Interestingly, we postulate that my lab's therapy works by manipulating a particular cell of the innate immune system, recently discovered to participate in fat metabolism, to effectively clear excessive triglycerides inside hepatocytes (main cells of the liver). Fatty hepatocytes are the hallmark of NAFLD and this is what my therapeutic targets. My data show that hepatocytes become cleared from fat after treatment. Possible mechanisms of action include inducing a more efficient fat clearance hepatocytes and accelerating hepatocytes turnover.
One of my aims is to mitigate the heavy economic burden that NAFLD represents to Queensland. But what is most important to me is that my work can solve a health issue present in 25% of the population in Queensland. NAFLD is a very debilitating chronic disease, that affects the physical and mental health of those suffering from it.

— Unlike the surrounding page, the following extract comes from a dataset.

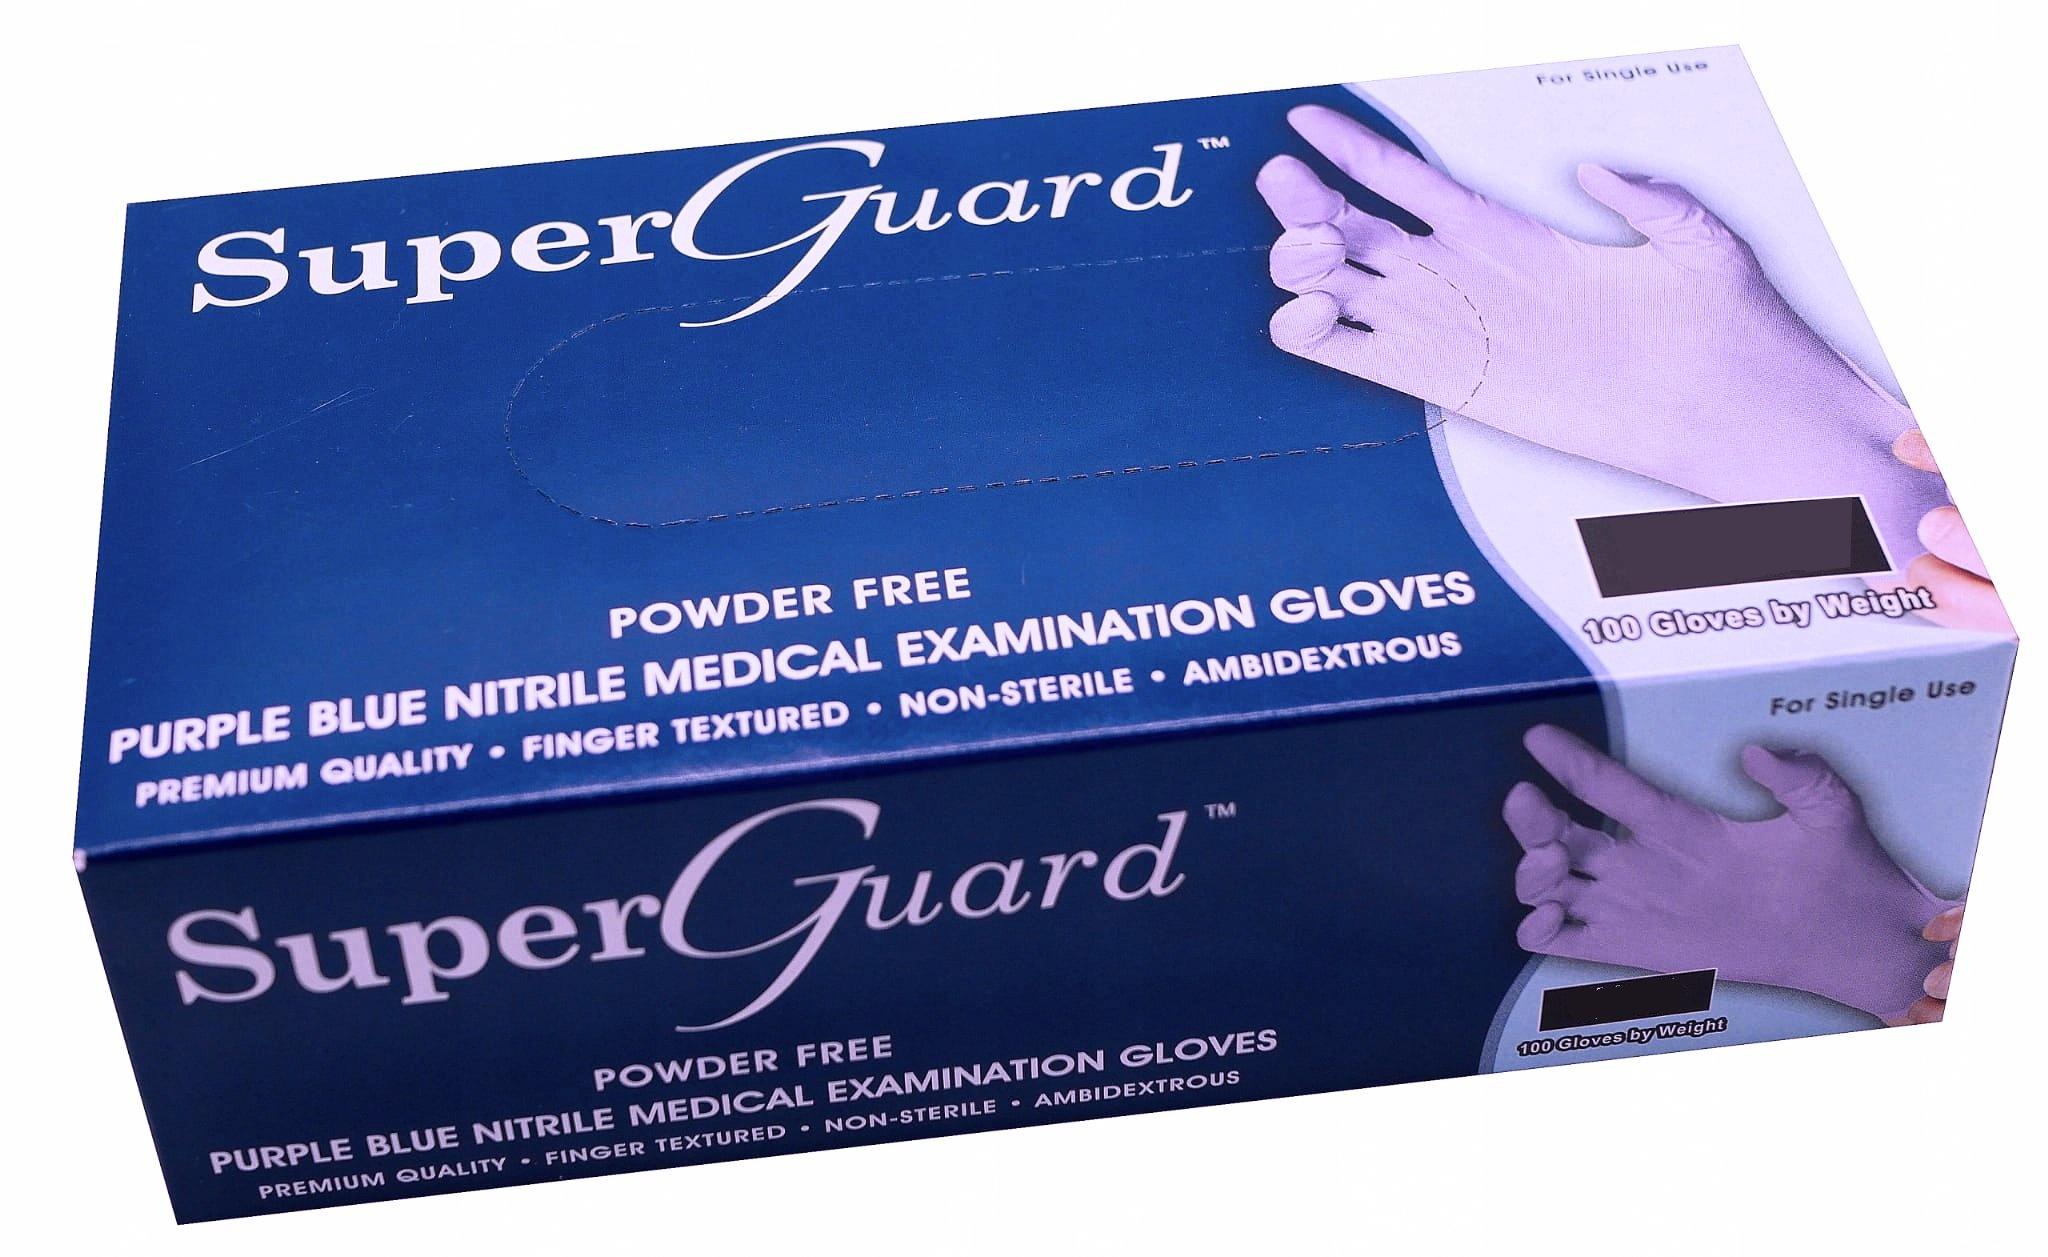 Super Guard - Nitril handschoenen - Paars/blauw - 100 stuks - Large

I have a passion for science communication. As part of the Translational Research Symposium (TRS) 2019's committee, I created something different that engaged local Brisbane year 7 students. The TRS happens yearly but for last year, we chose the theme “Science Communication” and I implemented a novel session that we called “Talk Science to Me”. I aimed at leveraging this segment to achieve two things: 1) develop communication skills in scientists (how we should communicate more simply and effectively to a lay audience) and 2) entice interest in biomedical science at local schools, specially in young girls.
For this event, I invited 30 year 7 students from a local state high school in Brisbane. I worked very closely with the school. I requested gender equality in the selection process because I wanted to encourage young girls to participate.
During the TRS 2019, the students were invited to attend to 8 presentations from real scientists and to choose their preferred presentation. I was the Chair of the "Talk Science to Me" session and explained to the students that they should judge the presentations based on how easy it was to understand and how interesting it was. The presentations were excellent as the researchers managed to deliver their speech according to their audience.
For the TRS 2019, I raised AUD$ 2,000 to pay for the students' meals, transportation and the DNA extraction and quantification experiment they performed in a real PC2 lab.
The initiative was a success and I later received a grant from the Translational Research Institute that enabled me to invite over 400 year 7 students to experience a day as a scientist at TRI. I recruited 14 TRI-based scientists to teach the students basic concepts of genetics and how to extract and quantify DNA from strawberries and bananas.
These were positive initiatives that engaged the young community onto doing real science in a fun way. My aims were to both spark an interest for science in local students and to encourage scientists to communicate to the general public using simple and plain language.
Due to my passion for science communication, I was recently invited to represent Mater Research students at the 2020 TRI Mentoring Network Program. I also enjoy teaching histology to medical students at The University of Queensland.
Finally, I’m here to prove that is never too late to start a new career, I am a mature PhD student and a mother of two, Alex is 10 years old and Sofia is 7 years old. Science gave me more meaning to my life that I felt was missing 6 years ago, before starting my Bachelor of Biomedical Science.